Electrochemical Micromachining of Copper Alloy through Hot Air Assisted Electrolyte Approach

Abstract

The industries like automobile, electronics, medical and biomedical sectors provide scope for various types of micro products/features made up of copper material. Due to the higher ductility of copper the electrochemical micro machining (EMM) is a prominent technique owing it’s no tool wear, high accuracy, burr free and non-contact machining surface. Although enhancing of EMM performance is significant work in the micro components manufacturing industry. Hence, in this present work the hot air is mixed with aqueous citric acid (C6H8O7) electrolyte (HAME) to machine high aspect ratio micro-holes (HAR micro-hole) and the results are compared with the dry air mixed electrolyte (DAME). The process parameters such as machining voltage (Mv), Duty cycle (Dc), and electrolyte concentration (Ec) are taken into account in evaluating the machining performance. The electrolyte temperature (Et) and frequency are kept at a constant level as 36 ± 1°C and 85 Hz respectively. The machining performances are estimated by means of material removal rate (MRR), overcut (OC) and taper angle of the HAR micro hole (TAHAR-micro-hole).The MRR shows 1.43 times improvement for HAME at the parametric combination of 20 g/L, 13 V, and Dc at 90% and reduced OC by 30.4% over DAME. The TAHAR-micro-holes are found to be 21.67° and 28.19° for the DAME and HAME respectively for the above parametric combinations.

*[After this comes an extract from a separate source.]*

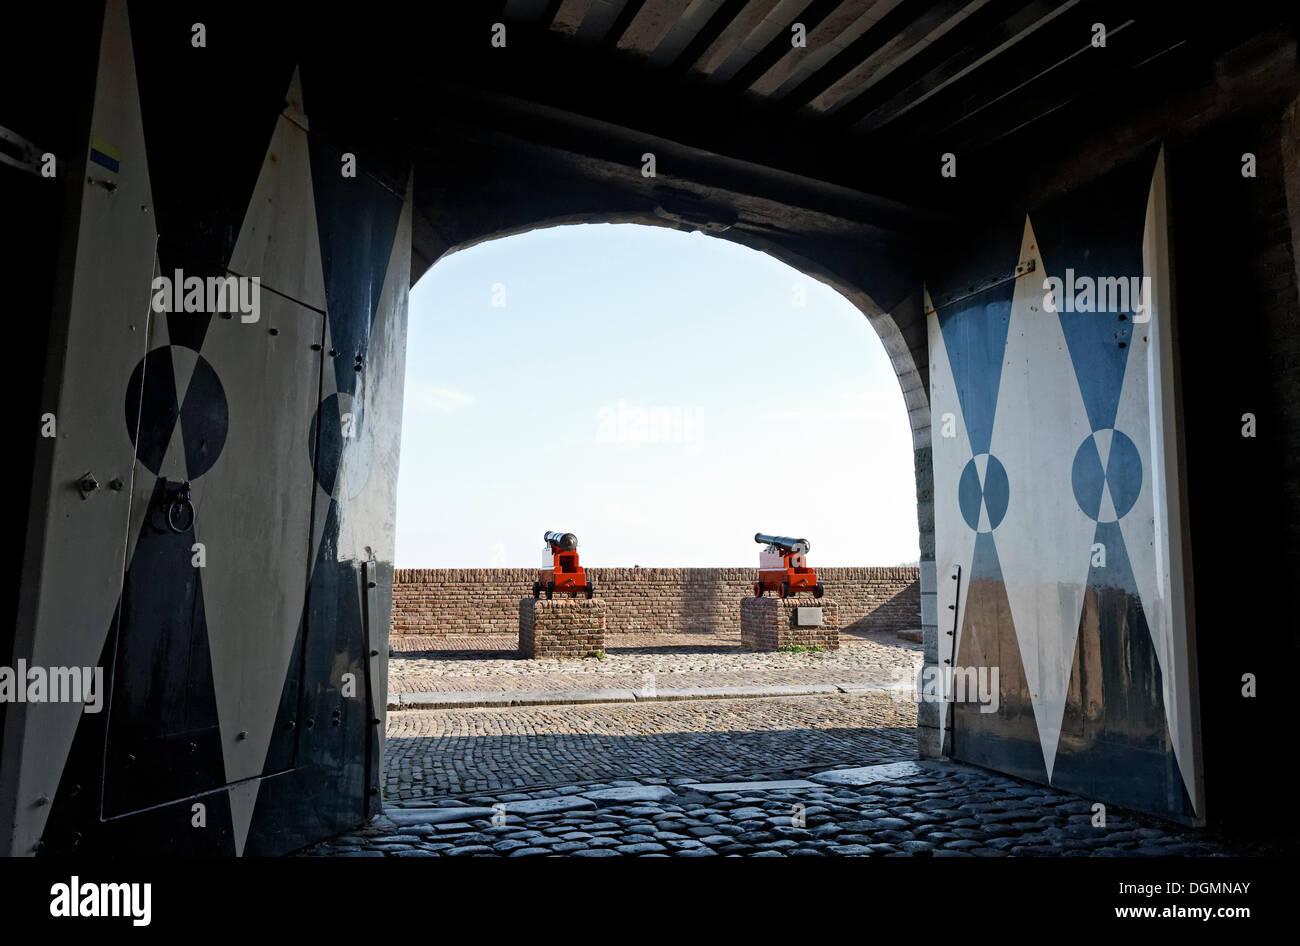 Le pistole di fronte al Campveerse Toren torre di difesa, la storica città di Veere, Walcheren, Zeeland, Paesi Bassi, Europa Immagini Stock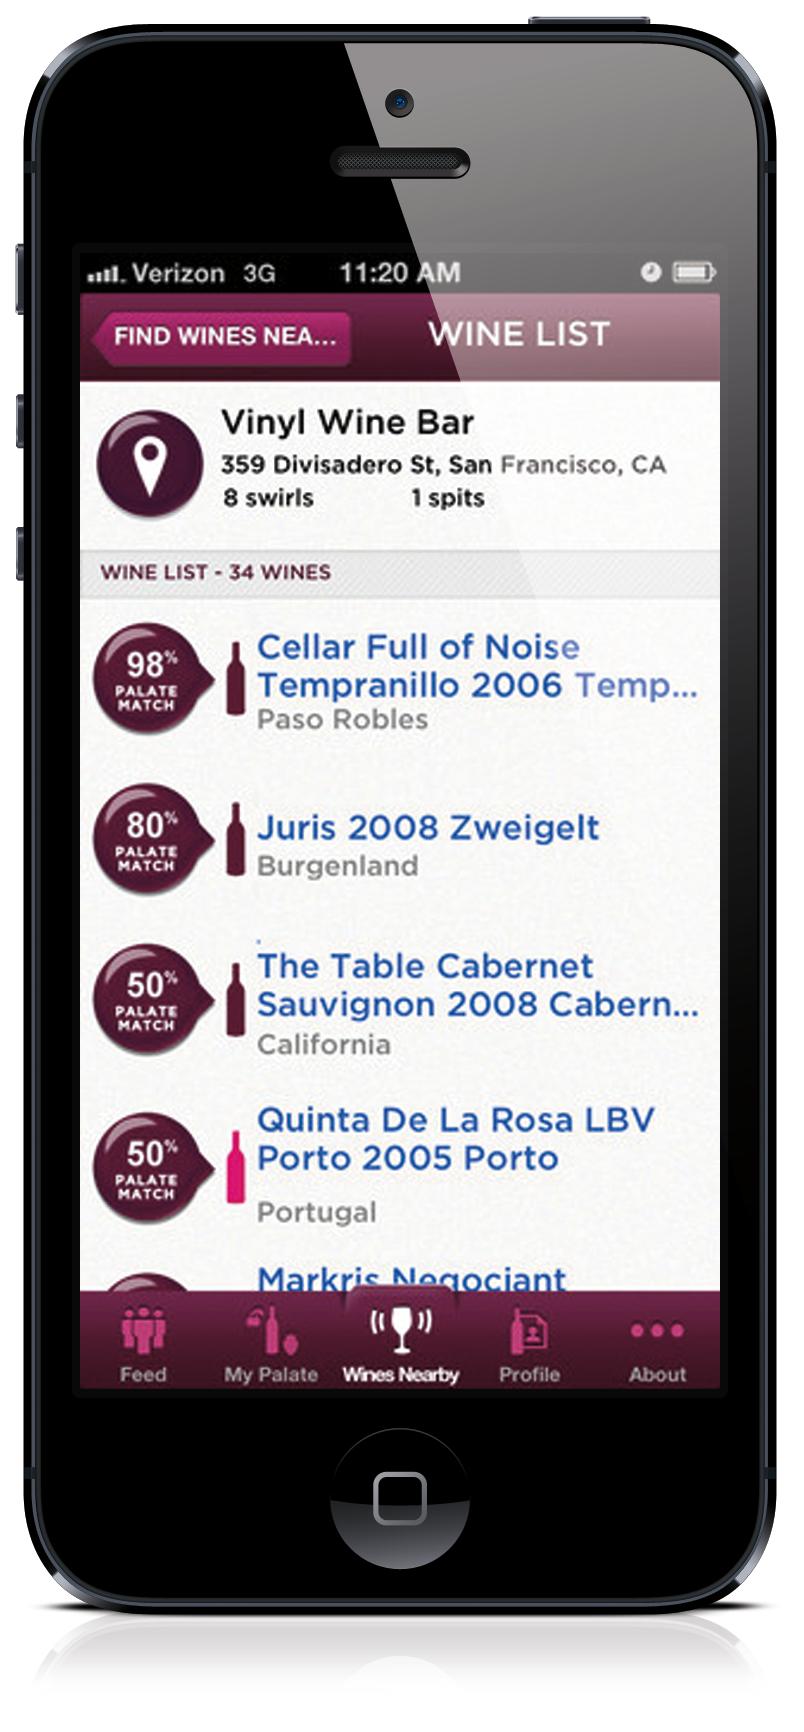 Swirl it! Taste-Based wine Recommendation App - image 2 - student project

At parameters combination of 30 g/L, 13 V, and 90%, the MRR shows 2.87 times higher MRR compared to DAME. Furthermore, the use of citric acid as an electrolyte and mix of hot air contributes for higher MRR and reduced OC.The field emission scanning electron microscope (FESEM) analysis is done to understand the effect of hot air mixed electrolyte on the surface topography and inner machined surfaces of a micro-hole.